Segment Open

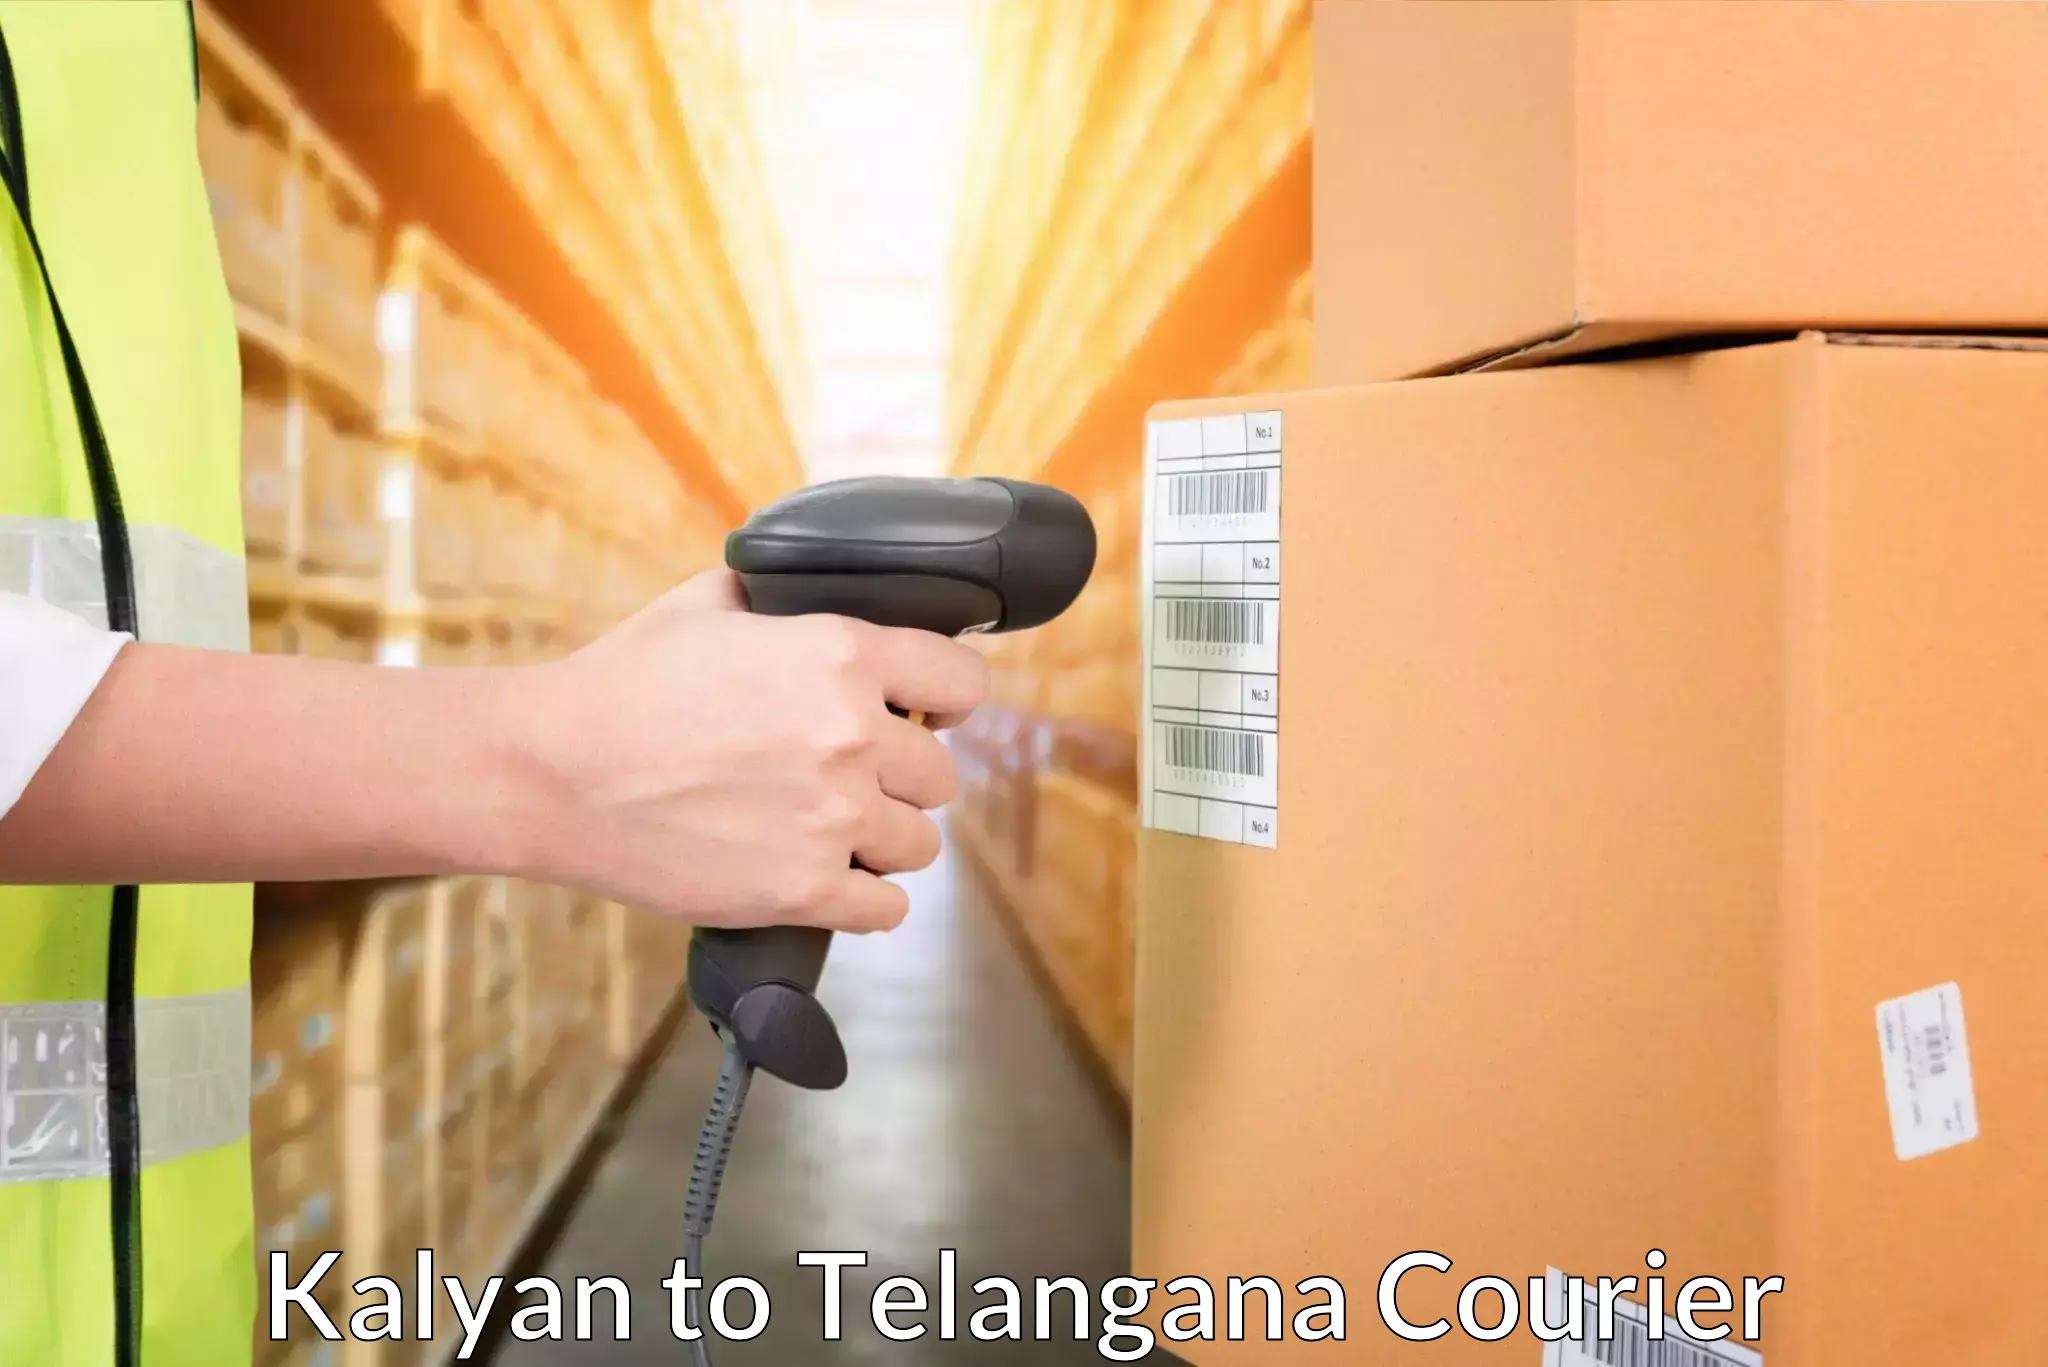 Flexible delivery schedules Kalyan to Dharmapuri Jagtial
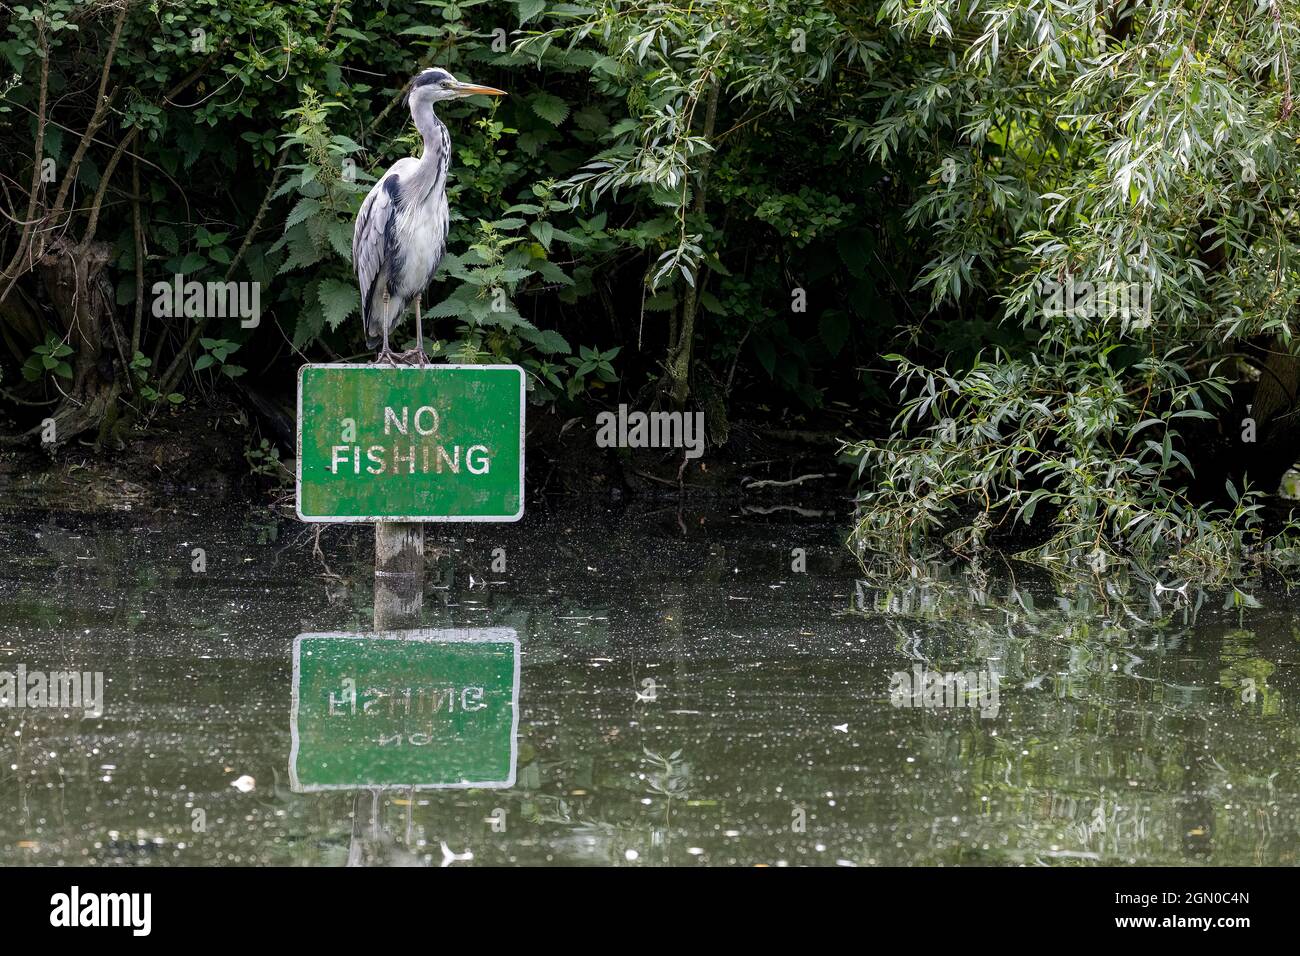 Grey heron (Ardea cinerea) standing on No Fishing sign Stock Photo
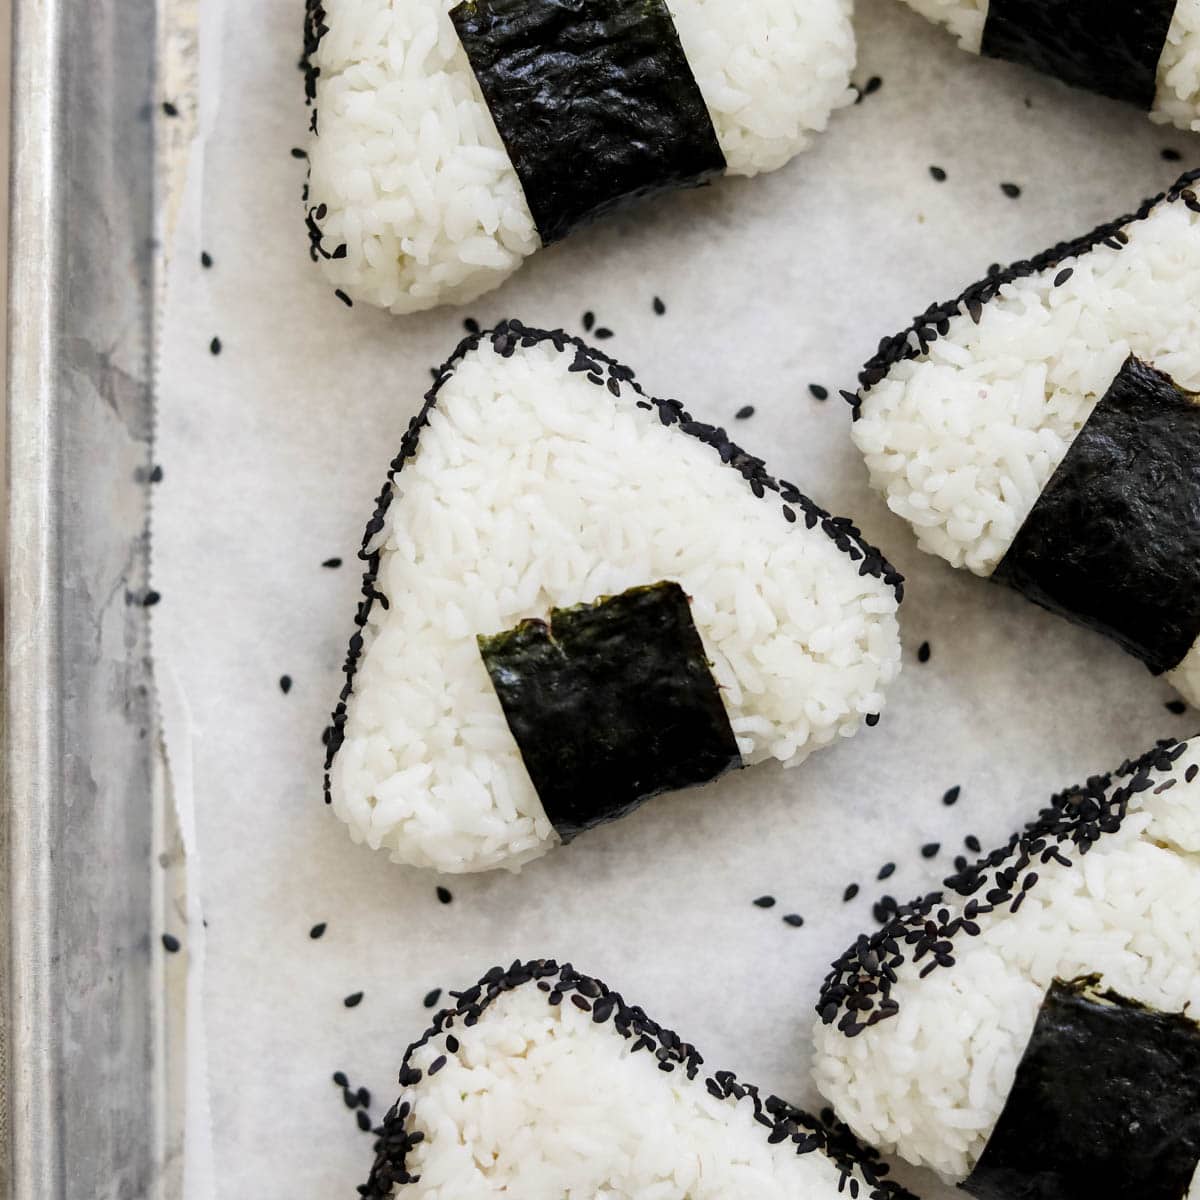 Spicy Tuna Onigiri (Japanese Rice Balls) • The Heirloom Pantry

Segment Closed

Reproduce the whole listing word for word, setting aside any pictures.

Response below:
 Flexible delivery schedules Kalyan to Dharmapuri Jagtial
 Grey heron (Ardea cinerea) standing on No Fishing sign Stock Photo
 Spicy Tuna Onigiri (Japanese Rice Balls) • The Heirloom Pantry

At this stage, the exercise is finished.